Still recovering from the injury and procedure, I’ve had to find alternative workouts to fill the time I used to spend running. Plus, it was a way to become less one-dimensional and explore different types of workout. While running is still my one true love, lifting, yoga, hiking, and circuit workouts have become fun additions to my routine.

The Food.

Another kind of personal issue, but here we go. I never really struggled with weight- I struggled with my idea of weight. In high school I obsessed over the scale and was preoccupied with calorie counting- food was a numbers game, and I won the game if I won the numbers.

In college, things got trickier. Combined with social pressure and my already unfortunate self image, bulimia became a clingy friend that I struggled with for years. Even when I wanted to stop, I felt trapped in this unhealthy, cyclic pattern. With the help of friends and family I was able to repair my relationship with food, and running was a huge help for me in overcoming the disorder.

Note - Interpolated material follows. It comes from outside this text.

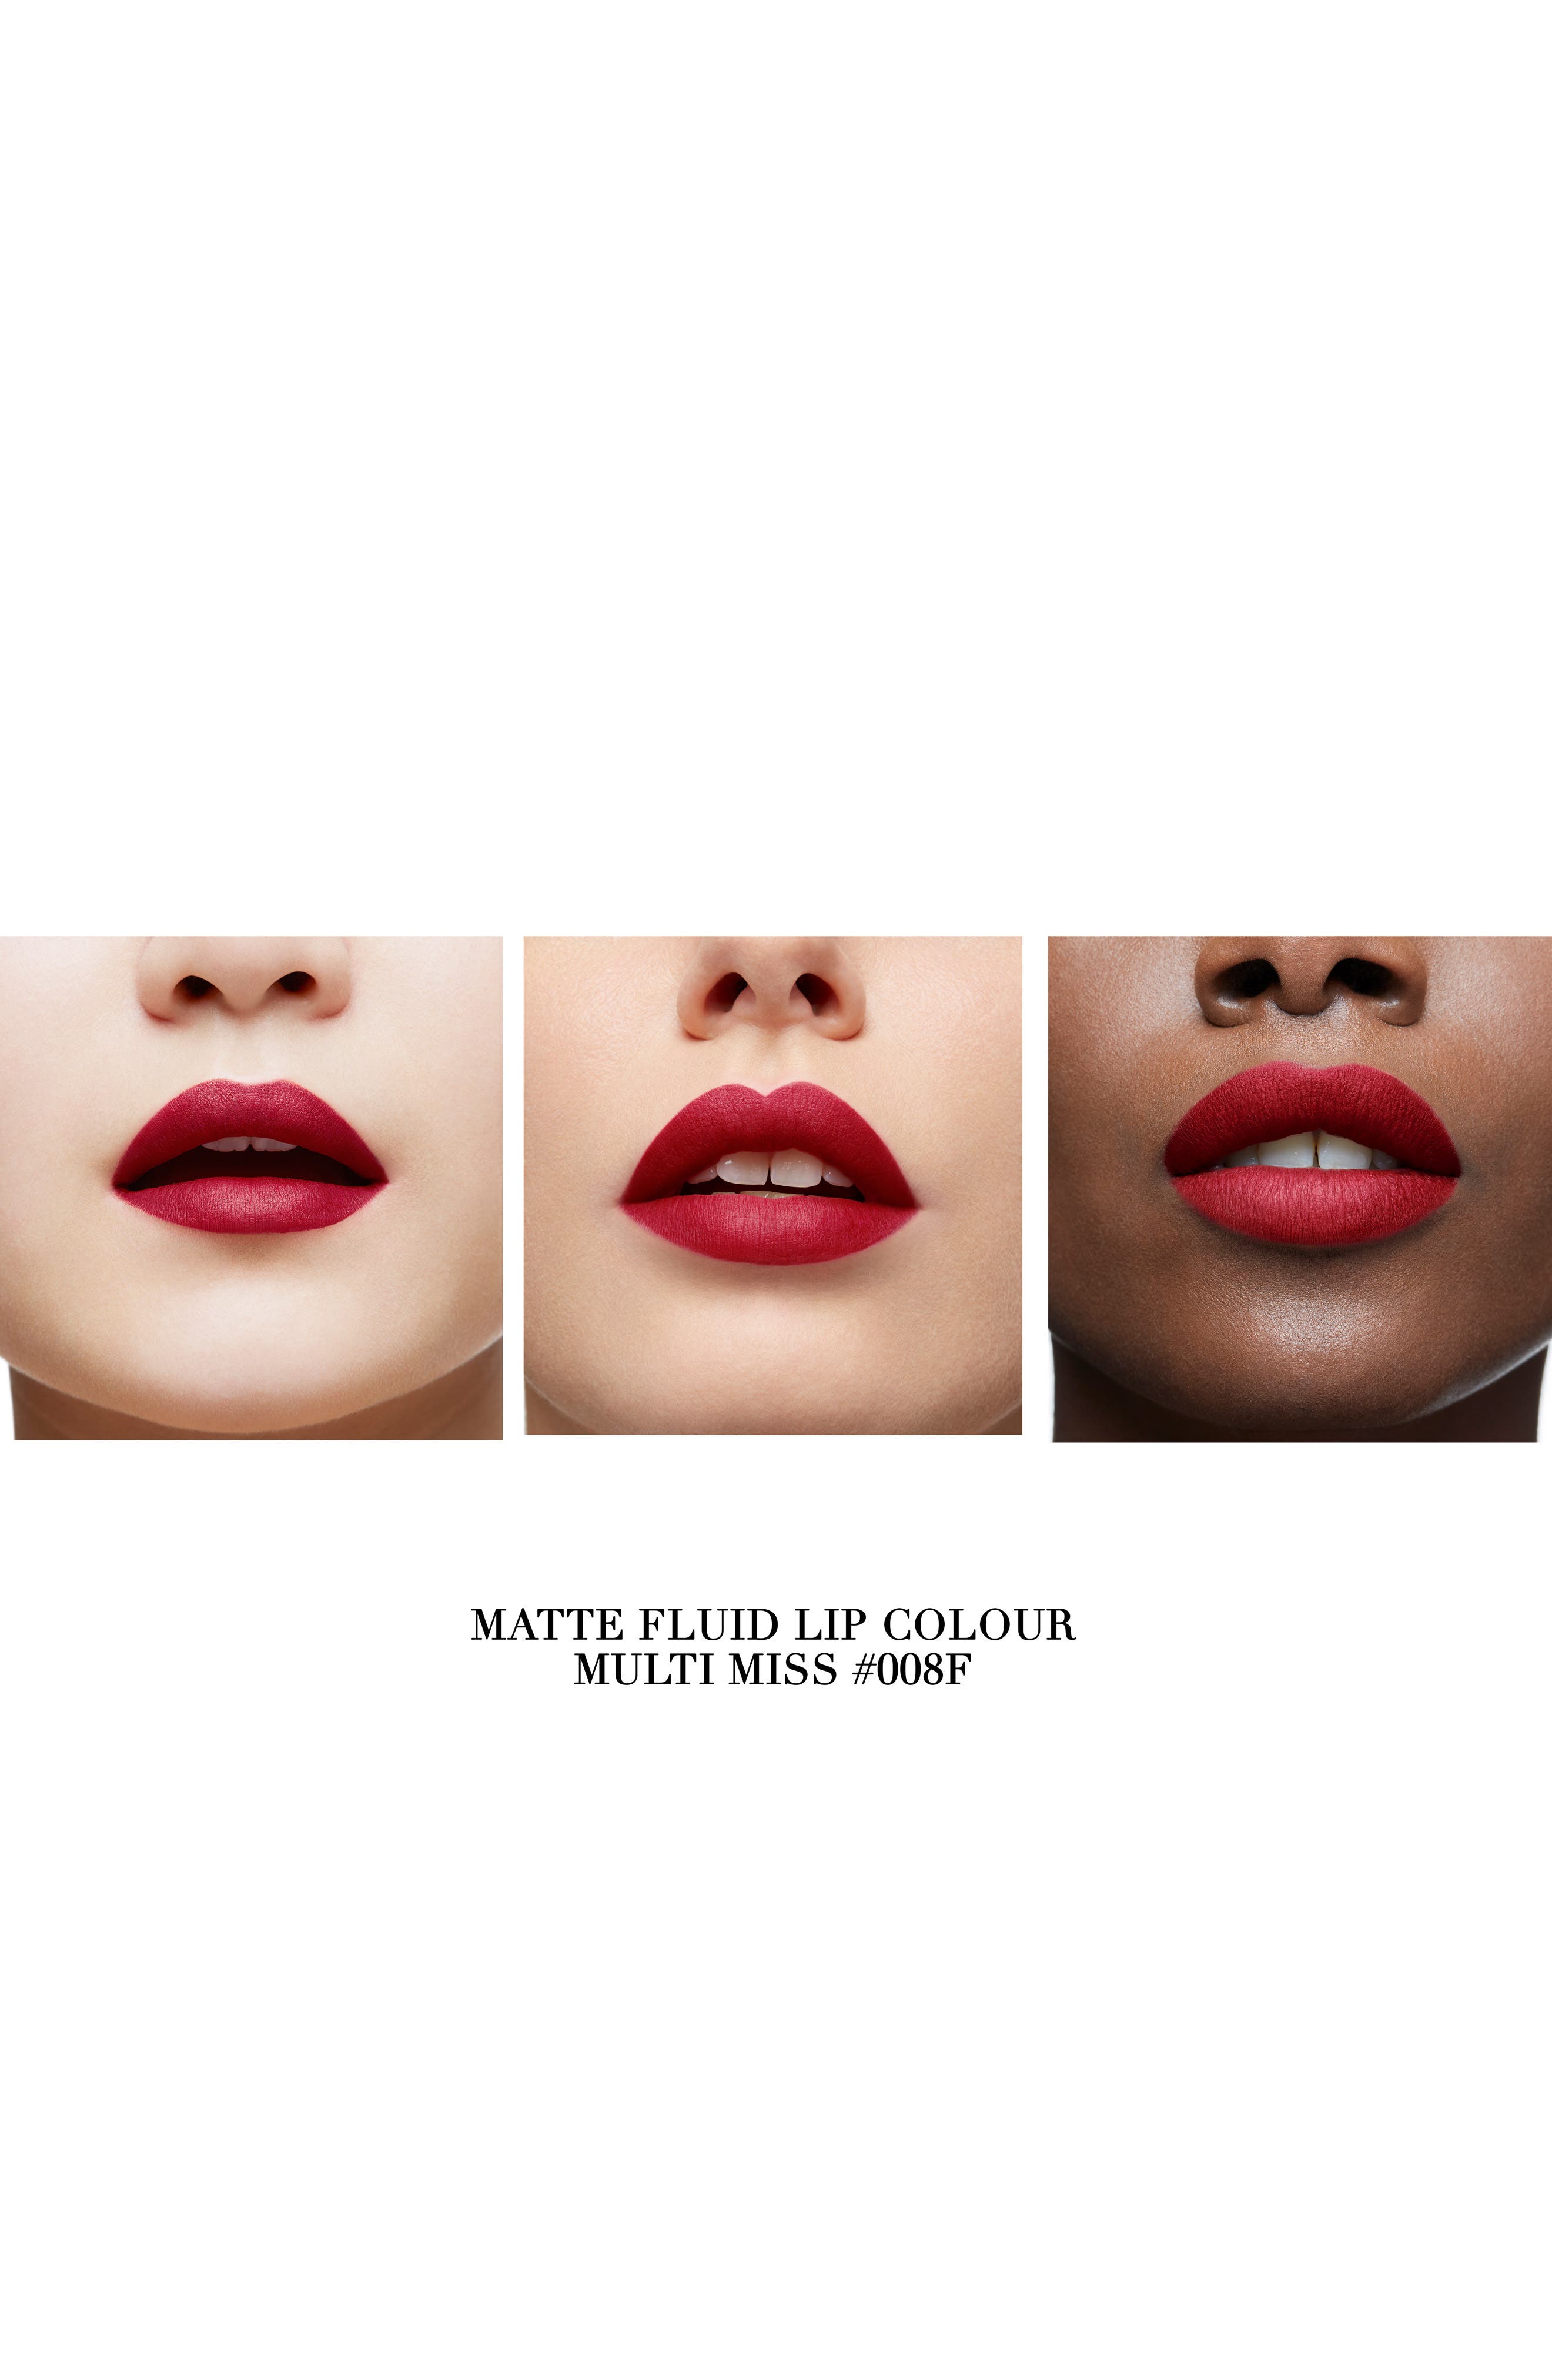 Rouge Louboutin Matte Fluids - Matte liquid lipstick - Angels

Reading “Eat and Run” by Scott Jurek, “Born to Run” by Christopher McDougall, and “It Starts with Food” by Dallas and Melissa Hartwig, my attitude towards food shifted from shame/punishment to necessary fuel for living/performing/being healthy. I recommend “It Starts with Food” to everyone- it’s pretty eye opening and breaks down the chemical processes in your body when you eat certain types of food.